Hello, Im new on here and this is my first post. I have a Craftsman GT 11 (917.257020) with a thrower attachment, 842.260072. The attachment sprocket is SHOT, which is part # 8287. I've read on some other forums that this part can be made by drilling different holes with different sprockets and other concepts. Please give some ideas. Thank you!


----------



## Kiss4aFrog (Nov 3, 2013)

:welcome: to SBF Stonecold316

searspartsdirect.com/model/ys0yesot88-000247/craftsman-842260072-accessory-parts

If you know the # of teeth on the gear and the chain size you should be able to search for a replacement gear. Then it's just a matter of drilling the proper bolt pattern. You want to make sure if the sprocket has a hole in the center it's smaller than your bolt hole pattern !!
I think the chain size is 40 but I'm not sure.
You can try gocart parts suppliers. https://duckduckgo.com/?q=gocart+parts&t=chromentp&atb=v185-1&ia=web

I've used these two before for odd stuff.
https://www.mcmaster.com/chain-sprockets
https://www.mscdirect.com/browse/tn...vid=4287922361+4288015409&searchterm=sprocket

Search of different companies that may be of use: - - > https://duckduckgo.com/?q=chain+sprockets&t=chromentp&atb=v185-1&ia=shopping

I have a Toro blower for a rider where the tensioner failed and the chain chewed up the teeth and presently unusable.
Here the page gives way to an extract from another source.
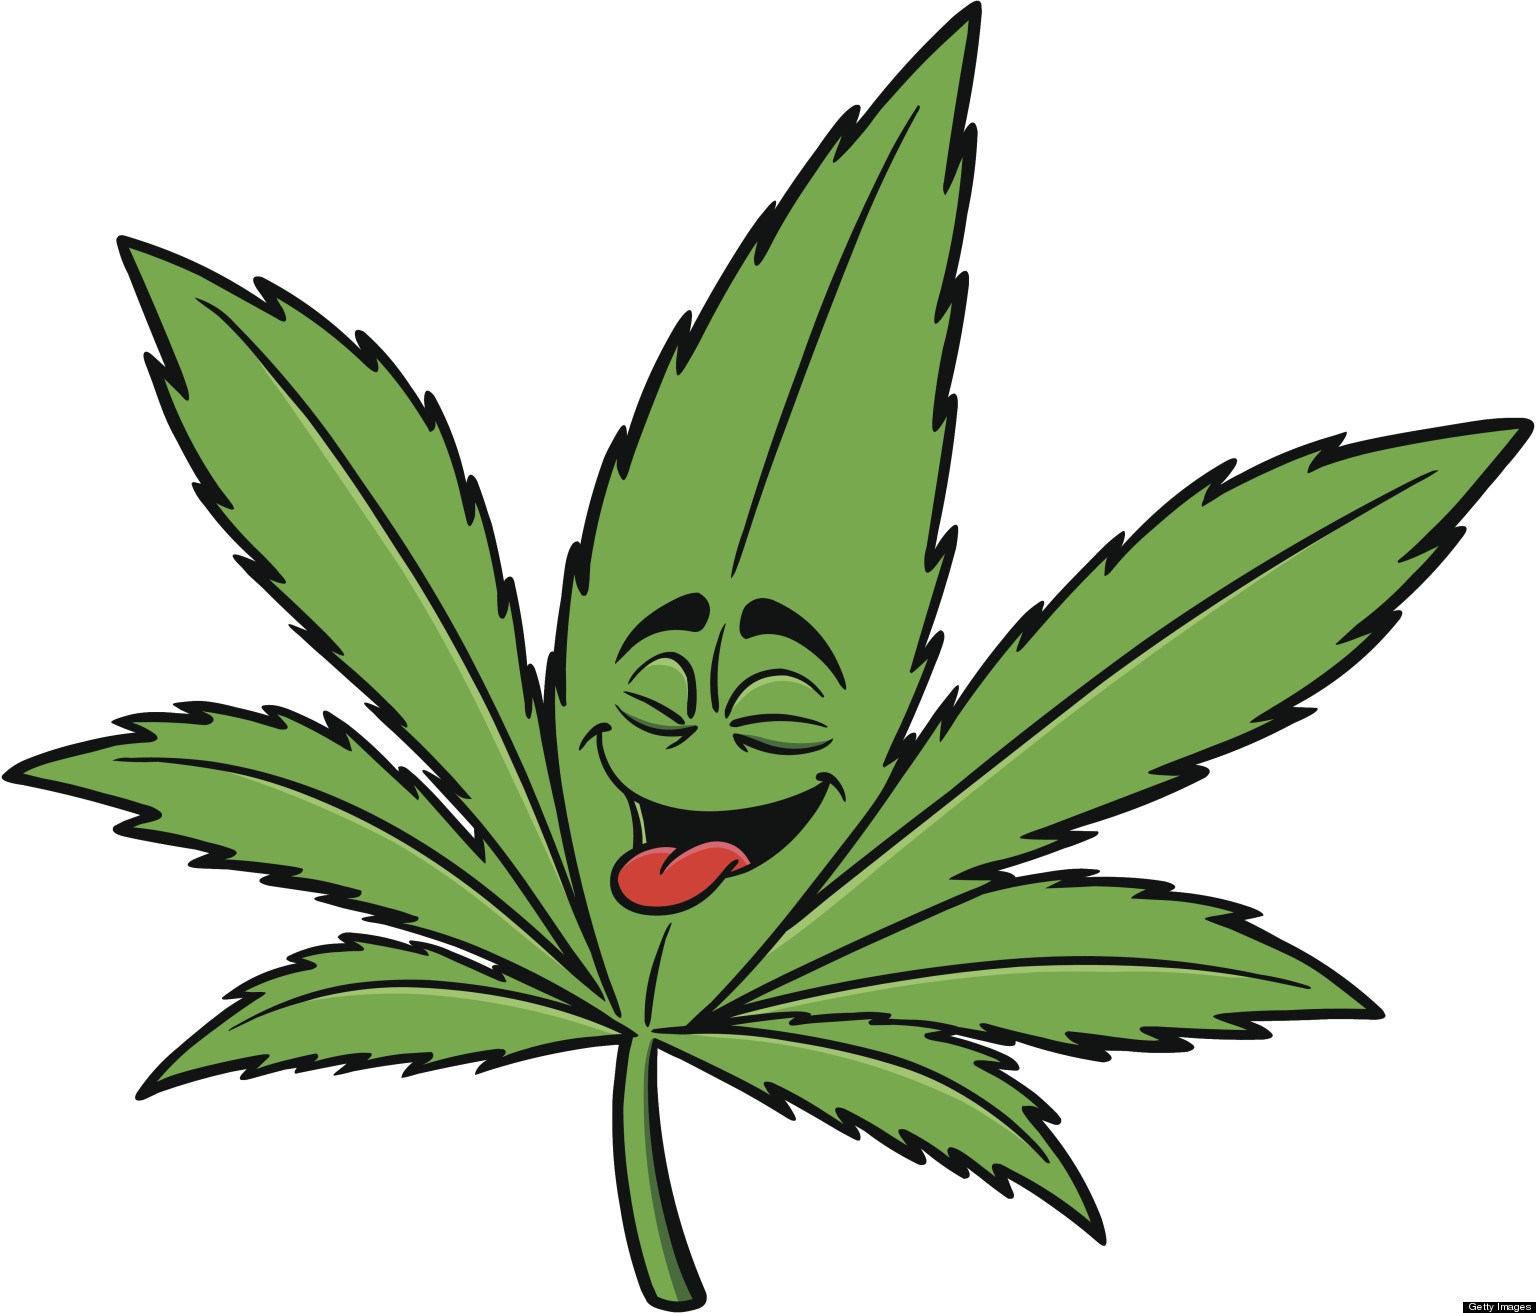 ... Weed Leaf Clip Art - clipartall ...
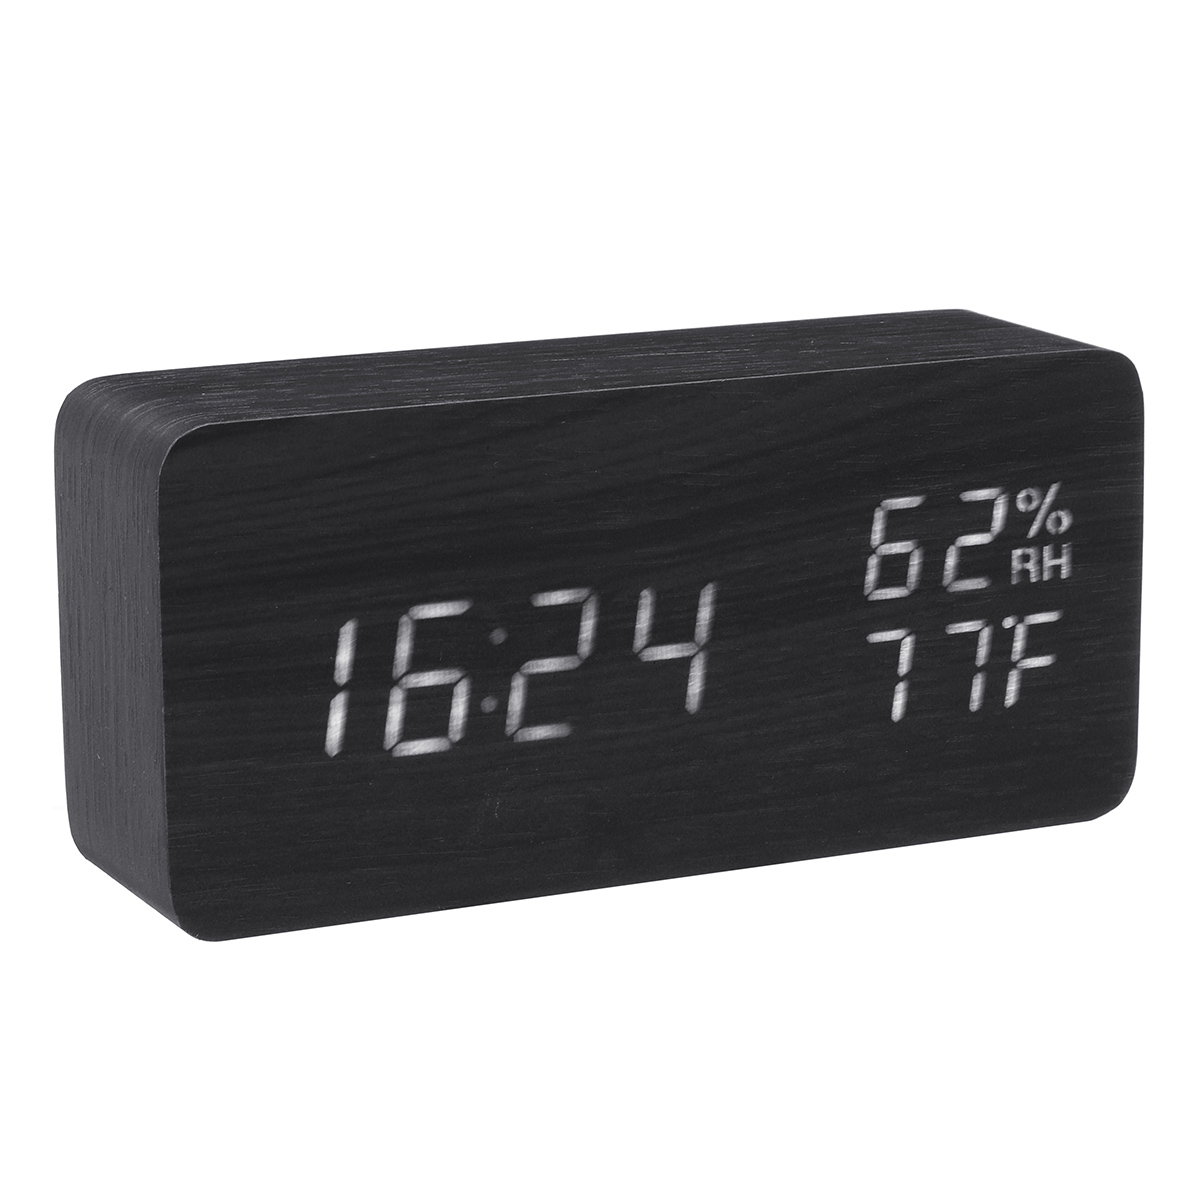 Modern-Wooden-Wood-Digital-Thermometer-USB-Charger-LED-Desk-Alarm-Wireless-Clock-1739446-8

My problem is the gear is welded to the auger :crying:

.


----------



## Stonecold316 (Nov 28, 2019)

Ok, I'll start looking after taking off the sprocket. Thanks!


----------



## Kiss4aFrog (Nov 3, 2013)

If you need to replace the chain it's best/cheapest to buy bulk and fit to length with a master.
Again, not saying it's #40 just my guess. https://www.amazon.com/40-roller-chain/s?k=40+roller+chain

.


----------



## penna stogey (Nov 25, 2019)

Welcome from the Burg


----------